TASK DESCRIPTION
Output the whole listing below. Keep it exact.

*** Opening INPUT FOR THIS TASK ***

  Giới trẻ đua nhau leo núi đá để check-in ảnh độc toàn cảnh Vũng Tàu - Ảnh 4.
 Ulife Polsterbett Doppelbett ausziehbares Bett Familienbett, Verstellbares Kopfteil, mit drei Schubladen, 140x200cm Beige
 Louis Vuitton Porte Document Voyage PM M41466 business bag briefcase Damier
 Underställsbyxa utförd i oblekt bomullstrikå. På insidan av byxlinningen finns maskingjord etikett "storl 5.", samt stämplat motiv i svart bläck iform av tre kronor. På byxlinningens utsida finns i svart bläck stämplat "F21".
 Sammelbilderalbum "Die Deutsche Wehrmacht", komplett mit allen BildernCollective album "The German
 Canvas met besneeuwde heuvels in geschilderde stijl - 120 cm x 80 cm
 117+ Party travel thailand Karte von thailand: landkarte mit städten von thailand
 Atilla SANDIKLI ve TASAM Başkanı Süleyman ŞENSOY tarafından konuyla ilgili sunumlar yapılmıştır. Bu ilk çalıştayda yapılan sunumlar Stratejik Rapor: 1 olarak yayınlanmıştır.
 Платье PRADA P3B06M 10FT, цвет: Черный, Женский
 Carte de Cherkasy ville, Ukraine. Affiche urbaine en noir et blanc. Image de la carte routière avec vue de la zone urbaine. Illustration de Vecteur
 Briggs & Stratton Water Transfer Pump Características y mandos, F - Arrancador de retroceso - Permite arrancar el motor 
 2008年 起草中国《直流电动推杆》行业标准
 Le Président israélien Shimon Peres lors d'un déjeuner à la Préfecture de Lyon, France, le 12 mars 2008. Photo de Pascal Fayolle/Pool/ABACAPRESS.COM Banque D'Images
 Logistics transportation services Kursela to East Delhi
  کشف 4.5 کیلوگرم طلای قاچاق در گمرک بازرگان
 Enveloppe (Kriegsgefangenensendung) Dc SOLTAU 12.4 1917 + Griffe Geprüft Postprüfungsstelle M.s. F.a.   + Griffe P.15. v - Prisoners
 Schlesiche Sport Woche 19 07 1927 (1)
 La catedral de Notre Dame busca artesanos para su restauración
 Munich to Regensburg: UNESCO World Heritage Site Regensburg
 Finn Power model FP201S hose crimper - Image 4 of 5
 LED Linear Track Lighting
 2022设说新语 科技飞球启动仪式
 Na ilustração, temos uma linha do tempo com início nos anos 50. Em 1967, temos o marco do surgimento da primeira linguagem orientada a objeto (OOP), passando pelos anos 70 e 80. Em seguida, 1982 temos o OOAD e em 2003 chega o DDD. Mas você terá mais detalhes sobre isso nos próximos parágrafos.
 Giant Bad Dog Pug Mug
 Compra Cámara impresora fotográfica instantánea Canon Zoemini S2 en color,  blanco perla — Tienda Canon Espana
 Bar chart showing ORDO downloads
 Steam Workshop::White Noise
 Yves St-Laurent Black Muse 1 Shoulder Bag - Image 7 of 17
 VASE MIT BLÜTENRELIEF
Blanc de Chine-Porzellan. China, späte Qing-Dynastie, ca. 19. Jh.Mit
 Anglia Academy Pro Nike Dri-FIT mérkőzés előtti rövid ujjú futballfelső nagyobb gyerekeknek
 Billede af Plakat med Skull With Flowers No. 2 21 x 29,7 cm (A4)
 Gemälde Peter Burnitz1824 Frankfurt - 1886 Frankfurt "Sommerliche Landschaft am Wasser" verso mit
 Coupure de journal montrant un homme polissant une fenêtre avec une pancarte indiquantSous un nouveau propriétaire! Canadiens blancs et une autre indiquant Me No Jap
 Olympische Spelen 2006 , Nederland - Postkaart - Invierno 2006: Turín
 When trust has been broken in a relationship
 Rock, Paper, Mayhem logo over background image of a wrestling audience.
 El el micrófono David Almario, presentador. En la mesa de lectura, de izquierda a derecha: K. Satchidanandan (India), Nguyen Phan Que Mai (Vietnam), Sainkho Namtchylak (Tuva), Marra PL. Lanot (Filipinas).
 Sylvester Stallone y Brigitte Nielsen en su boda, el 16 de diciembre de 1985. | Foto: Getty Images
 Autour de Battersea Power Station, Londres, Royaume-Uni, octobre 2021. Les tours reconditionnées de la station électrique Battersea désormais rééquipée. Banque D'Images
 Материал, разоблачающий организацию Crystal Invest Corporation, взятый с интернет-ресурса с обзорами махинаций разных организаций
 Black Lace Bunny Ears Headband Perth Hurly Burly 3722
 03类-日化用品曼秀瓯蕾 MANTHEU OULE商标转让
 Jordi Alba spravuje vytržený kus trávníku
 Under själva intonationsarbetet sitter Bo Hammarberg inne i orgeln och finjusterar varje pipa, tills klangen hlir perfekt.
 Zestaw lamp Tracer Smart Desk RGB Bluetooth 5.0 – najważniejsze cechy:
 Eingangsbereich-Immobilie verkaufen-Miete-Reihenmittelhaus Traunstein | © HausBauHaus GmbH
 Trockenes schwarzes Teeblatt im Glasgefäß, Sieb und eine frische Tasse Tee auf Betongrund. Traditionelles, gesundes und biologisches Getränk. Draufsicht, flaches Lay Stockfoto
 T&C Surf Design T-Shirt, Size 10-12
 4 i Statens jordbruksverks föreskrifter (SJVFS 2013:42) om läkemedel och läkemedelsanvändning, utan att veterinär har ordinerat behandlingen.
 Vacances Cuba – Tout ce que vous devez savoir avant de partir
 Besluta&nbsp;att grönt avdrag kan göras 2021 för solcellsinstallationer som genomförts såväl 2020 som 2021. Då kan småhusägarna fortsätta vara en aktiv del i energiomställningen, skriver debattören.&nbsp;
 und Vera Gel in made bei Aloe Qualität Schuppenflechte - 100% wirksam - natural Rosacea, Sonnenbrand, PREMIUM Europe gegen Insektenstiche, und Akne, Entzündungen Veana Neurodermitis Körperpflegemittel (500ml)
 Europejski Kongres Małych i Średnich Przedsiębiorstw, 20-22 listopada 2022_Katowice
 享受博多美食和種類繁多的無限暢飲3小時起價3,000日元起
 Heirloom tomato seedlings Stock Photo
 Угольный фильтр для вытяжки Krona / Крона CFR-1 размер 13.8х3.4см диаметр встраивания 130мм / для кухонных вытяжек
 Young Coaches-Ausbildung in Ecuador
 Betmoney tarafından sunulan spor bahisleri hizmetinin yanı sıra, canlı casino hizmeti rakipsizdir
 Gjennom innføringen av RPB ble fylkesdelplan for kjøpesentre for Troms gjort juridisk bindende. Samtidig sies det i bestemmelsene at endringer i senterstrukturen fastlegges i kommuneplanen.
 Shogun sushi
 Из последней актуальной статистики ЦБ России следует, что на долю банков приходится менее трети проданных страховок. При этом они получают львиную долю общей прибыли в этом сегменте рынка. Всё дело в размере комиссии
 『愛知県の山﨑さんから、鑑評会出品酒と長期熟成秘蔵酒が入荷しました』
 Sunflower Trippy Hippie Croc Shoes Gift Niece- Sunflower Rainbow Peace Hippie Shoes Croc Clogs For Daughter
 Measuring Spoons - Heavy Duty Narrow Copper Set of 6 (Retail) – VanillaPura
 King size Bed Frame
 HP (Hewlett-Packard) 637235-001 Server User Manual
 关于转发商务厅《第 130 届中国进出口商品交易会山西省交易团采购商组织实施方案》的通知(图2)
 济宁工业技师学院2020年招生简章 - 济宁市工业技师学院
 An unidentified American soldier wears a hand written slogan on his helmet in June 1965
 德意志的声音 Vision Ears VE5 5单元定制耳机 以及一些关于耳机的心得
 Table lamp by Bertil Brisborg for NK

*** Closing INPUT FOR THIS TASK ***

ANSWER TO THE PROBLEM
  Giới trẻ đua nhau leo núi đá để check-in ảnh độc toàn cảnh Vũng Tàu - Ảnh 4.
 Ulife Polsterbett Doppelbett ausziehbares Bett Familienbett, Verstellbares Kopfteil, mit drei Schubladen, 140x200cm Beige
 Louis Vuitton Porte Document Voyage PM M41466 business bag briefcase Damier
 Underställsbyxa utförd i oblekt bomullstrikå. På insidan av byxlinningen finns maskingjord etikett "storl 5.", samt stämplat motiv i svart bläck iform av tre kronor. På byxlinningens utsida finns i svart bläck stämplat "F21".
 Sammelbilderalbum "Die Deutsche Wehrmacht", komplett mit allen BildernCollective album "The German
 Canvas met besneeuwde heuvels in geschilderde stijl - 120 cm x 80 cm
 117+ Party travel thailand Karte von thailand: landkarte mit städten von thailand
 Atilla SANDIKLI ve TASAM Başkanı Süleyman ŞENSOY tarafından konuyla ilgili sunumlar yapılmıştır. Bu ilk çalıştayda yapılan sunumlar Stratejik Rapor: 1 olarak yayınlanmıştır.
 Платье PRADA P3B06M 10FT, цвет: Черный, Женский
 Carte de Cherkasy ville, Ukraine. Affiche urbaine en noir et blanc. Image de la carte routière avec vue de la zone urbaine. Illustration de Vecteur
 Briggs & Stratton Water Transfer Pump Características y mandos, F - Arrancador de retroceso - Permite arrancar el motor 
 2008年 起草中国《直流电动推杆》行业标准
 Le Président israélien Shimon Peres lors d'un déjeuner à la Préfecture de Lyon, France, le 12 mars 2008. Photo de Pascal Fayolle/Pool/ABACAPRESS.COM Banque D'Images
 Logistics transportation services Kursela to East Delhi
  کشف 4.5 کیلوگرم طلای قاچاق در گمرک بازرگان
 Enveloppe (Kriegsgefangenensendung) Dc SOLTAU 12.4 1917 + Griffe Geprüft Postprüfungsstelle M.s. F.a.   + Griffe P.15. v - Prisoners
 Schlesiche Sport Woche 19 07 1927 (1)
 La catedral de Notre Dame busca artesanos para su restauración
 Munich to Regensburg: UNESCO World Heritage Site Regensburg
 Finn Power model FP201S hose crimper - Image 4 of 5
 LED Linear Track Lighting
 2022设说新语 科技飞球启动仪式
 Na ilustração, temos uma linha do tempo com início nos anos 50. Em 1967, temos o marco do surgimento da primeira linguagem orientada a objeto (OOP), passando pelos anos 70 e 80. Em seguida, 1982 temos o OOAD e em 2003 chega o DDD. Mas você terá mais detalhes sobre isso nos próximos parágrafos.
 Giant Bad Dog Pug Mug
 Compra Cámara impresora fotográfica instantánea Canon Zoemini S2 en color,  blanco perla — Tienda Canon Espana
 Bar chart showing ORDO downloads
 Steam Workshop::White Noise
 Yves St-Laurent Black Muse 1 Shoulder Bag - Image 7 of 17
 VASE MIT BLÜTENRELIEF
Blanc de Chine-Porzellan. China, späte Qing-Dynastie, ca. 19. Jh.Mit
 Anglia Academy Pro Nike Dri-FIT mérkőzés előtti rövid ujjú futballfelső nagyobb gyerekeknek
 Billede af Plakat med Skull With Flowers No. 2 21 x 29,7 cm (A4)
 Gemälde Peter Burnitz1824 Frankfurt - 1886 Frankfurt "Sommerliche Landschaft am Wasser" verso mit
 Coupure de journal montrant un homme polissant une fenêtre avec une pancarte indiquantSous un nouveau propriétaire! Canadiens blancs et une autre indiquant Me No Jap
 Olympische Spelen 2006 , Nederland - Postkaart - Invierno 2006: Turín
 When trust has been broken in a relationship
 Rock, Paper, Mayhem logo over background image of a wrestling audience.
 El el micrófono David Almario, presentador. En la mesa de lectura, de izquierda a derecha: K. Satchidanandan (India), Nguyen Phan Que Mai (Vietnam), Sainkho Namtchylak (Tuva), Marra PL. Lanot (Filipinas).
 Sylvester Stallone y Brigitte Nielsen en su boda, el 16 de diciembre de 1985. | Foto: Getty Images
 Autour de Battersea Power Station, Londres, Royaume-Uni, octobre 2021. Les tours reconditionnées de la station électrique Battersea désormais rééquipée. Banque D'Images
 Материал, разоблачающий организацию Crystal Invest Corporation, взятый с интернет-ресурса с обзорами махинаций разных организаций
 Black Lace Bunny Ears Headband Perth Hurly Burly 3722
 03类-日化用品曼秀瓯蕾 MANTHEU OULE商标转让
 Jordi Alba spravuje vytržený kus trávníku
 Under själva intonationsarbetet sitter Bo Hammarberg inne i orgeln och finjusterar varje pipa, tills klangen hlir perfekt.
 Zestaw lamp Tracer Smart Desk RGB Bluetooth 5.0 – najważniejsze cechy:
 Eingangsbereich-Immobilie verkaufen-Miete-Reihenmittelhaus Traunstein | © HausBauHaus GmbH
 Trockenes schwarzes Teeblatt im Glasgefäß, Sieb und eine frische Tasse Tee auf Betongrund. Traditionelles, gesundes und biologisches Getränk. Draufsicht, flaches Lay Stockfoto
 T&C Surf Design T-Shirt, Size 10-12
 4 i Statens jordbruksverks föreskrifter (SJVFS 2013:42) om läkemedel och läkemedelsanvändning, utan att veterinär har ordinerat behandlingen.
 Vacances Cuba – Tout ce que vous devez savoir avant de partir
 Besluta&nbsp;att grönt avdrag kan göras 2021 för solcellsinstallationer som genomförts såväl 2020 som 2021. Då kan småhusägarna fortsätta vara en aktiv del i energiomställningen, skriver debattören.&nbsp;
 und Vera Gel in made bei Aloe Qualität Schuppenflechte - 100% wirksam - natural Rosacea, Sonnenbrand, PREMIUM Europe gegen Insektenstiche, und Akne, Entzündungen Veana Neurodermitis Körperpflegemittel (500ml)
 Europejski Kongres Małych i Średnich Przedsiębiorstw, 20-22 listopada 2022_Katowice
 享受博多美食和種類繁多的無限暢飲3小時起價3,000日元起
 Heirloom tomato seedlings Stock Photo
 Угольный фильтр для вытяжки Krona / Крона CFR-1 размер 13.8х3.4см диаметр встраивания 130мм / для кухонных вытяжек
 Young Coaches-Ausbildung in Ecuador
 Betmoney tarafından sunulan spor bahisleri hizmetinin yanı sıra, canlı casino hizmeti rakipsizdir
 Gjennom innføringen av RPB ble fylkesdelplan for kjøpesentre for Troms gjort juridisk bindende. Samtidig sies det i bestemmelsene at endringer i senterstrukturen fastlegges i kommuneplanen.
 Shogun sushi
 Из последней актуальной статистики ЦБ России следует, что на долю банков приходится менее трети проданных страховок. При этом они получают львиную долю общей прибыли в этом сегменте рынка. Всё дело в размере комиссии
 『愛知県の山﨑さんから、鑑評会出品酒と長期熟成秘蔵酒が入荷しました』
 Sunflower Trippy Hippie Croc Shoes Gift Niece- Sunflower Rainbow Peace Hippie Shoes Croc Clogs For Daughter
 Measuring Spoons - Heavy Duty Narrow Copper Set of 6 (Retail) – VanillaPura
 King size Bed Frame
 HP (Hewlett-Packard) 637235-001 Server User Manual
 关于转发商务厅《第 130 届中国进出口商品交易会山西省交易团采购商组织实施方案》的通知(图2)
 济宁工业技师学院2020年招生简章 - 济宁市工业技师学院
 An unidentified American soldier wears a hand written slogan on his helmet in June 1965
 德意志的声音 Vision Ears VE5 5单元定制耳机 以及一些关于耳机的心得
 Table lamp by Bertil Brisborg for NK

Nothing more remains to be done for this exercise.